The argument that the solution to the moral dilemma is that there is no moral dilemma because the cure couldn't possibly work has always seemed childish to me. The whole point is for you to think about the fact that Joel is basically massacring the scientists that for all we know are closest to finding a cure and possibly right on the verge of finding one. We know that Ellie would ultimately choose to make the sacrifice if she was given the choice but Joel makes it for her.

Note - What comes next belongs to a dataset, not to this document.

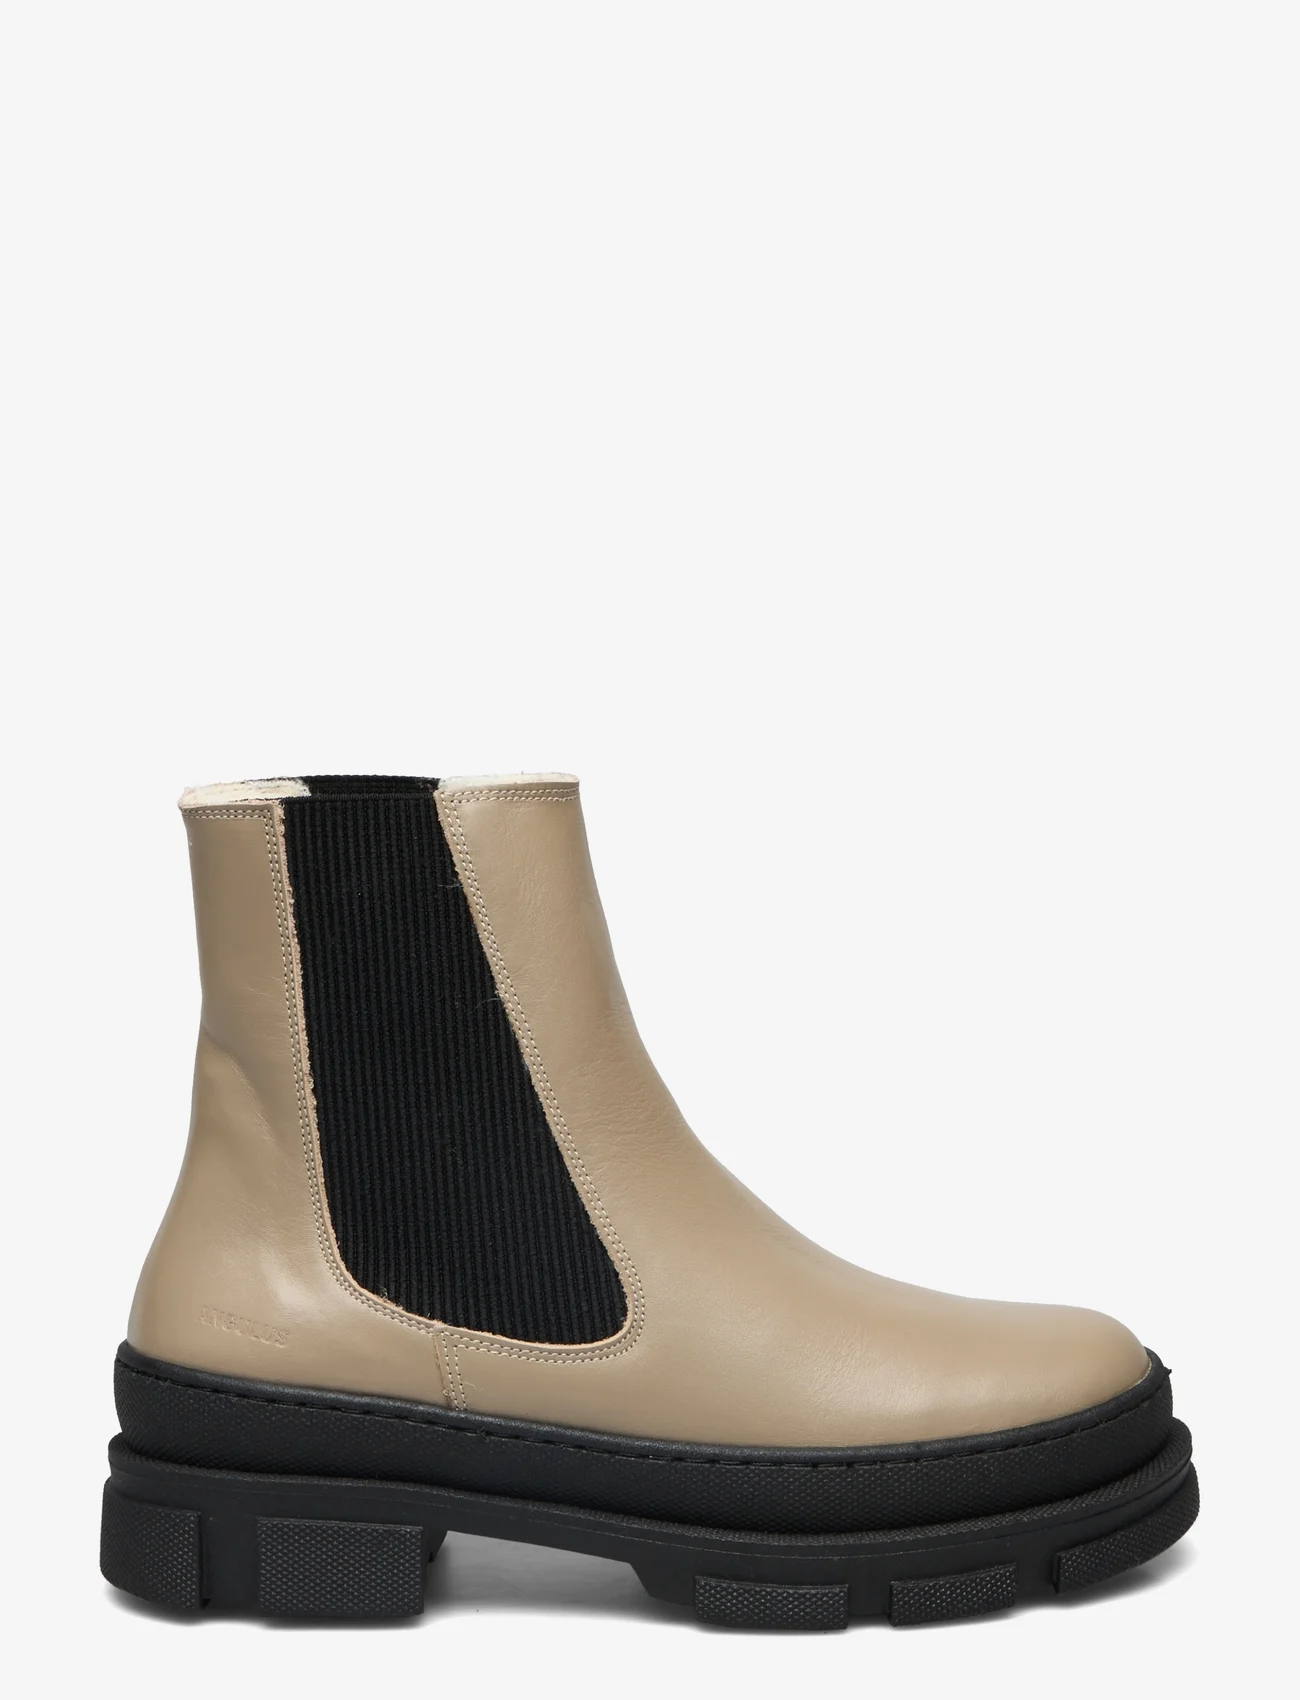 ANGULUS - Boots - flat - chelsea boots - 1571/019 beige/black - 1

Joel is fully aware that he is mortal, he has lived a life of immense hardship and suffering and has lived through the end of the world in constant battle killing and seeing friends die all around him, hell he has even had a daughter killed 'for the greater good' before. You can understand why he would make the choice he made even if he thought Ellie could basically be turned into a cure. He doesn't care about 'the world' as much as he cares about the person right beside him.

Joel isn't religious, he isn't a humanist, he isn't a ethic philosopher. Why would he care about 'humanity' more than he cares about Ellie at that point?